Notice that the power limit and temp limit sliders are linked by default. Raising one, will raise the other. If you un-link these you can operate these separately. You can even go as far as to prioritize either one. We found in overclocking to just raise these both up to maximum provides the best potential.

Default Frequency

The obvious first thing to do is to figure out what the real-world frequency actually is in games without overclocking. Remember, the boost clock can set itself up to 1202MHz, which is already at 1.2GHz. However, GPU Boost 2.0 can push it further, in frequency and voltage, if the GPU is cool enough and the card hasn't hit the TDP yet. This means the real-world frequency is actually in excess of 1202MHz while gaming.

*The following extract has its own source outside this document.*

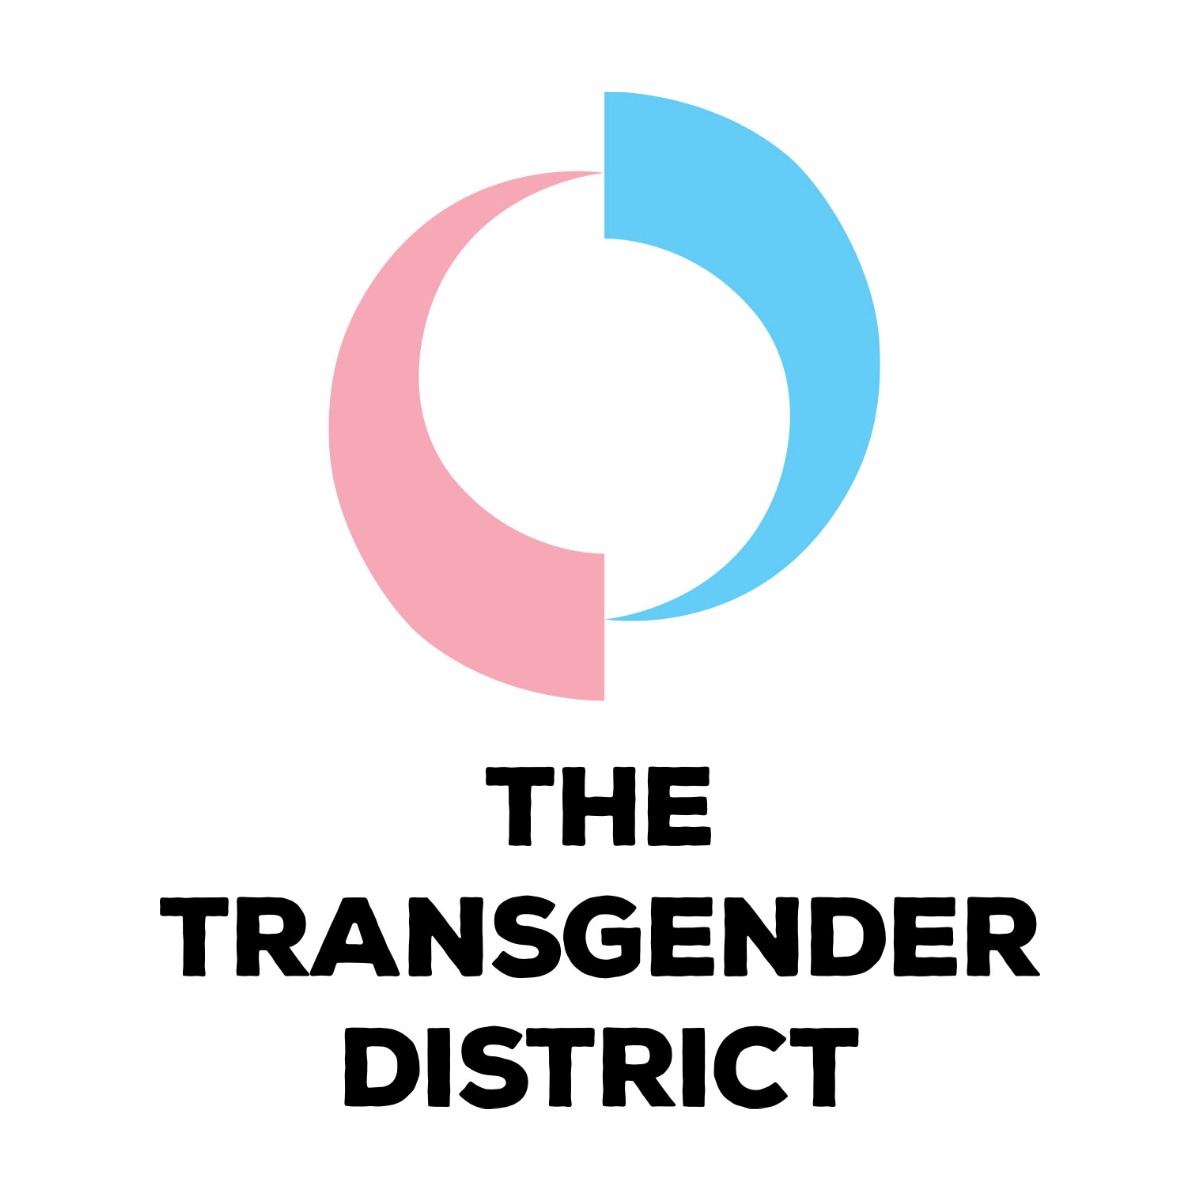 LGBTQ Organization in Los Angeles California - Transgender District

We found that our MSI N770 Lightning operated at a real-world frequency of 1228MHz while gaming. The voltage was sitting at 1.2v, which seems to be the maximum for this video card. This was in Crysis 3, Far Cry 3, Metro: Last Light and Tomb Raider. That means we are already getting a high overclock of 1228MHz without even touching the thing. Keep in mind the GTX 680 only overclocked to 1251MHz on our GTX 680 Lightning. That means we are already near the maximum GTX 680 overclock, and this is just with the video card out-of-the-box. It seems MSI has done a lot to already maximize the performance, without you having to even overclock.

Overclocking Maximums

Knowing that we were already starting out at a high frequency of 1228MHz, we didn't think we would get it much higher, and we were correct. The two screenshots below show the maximum overclock settings.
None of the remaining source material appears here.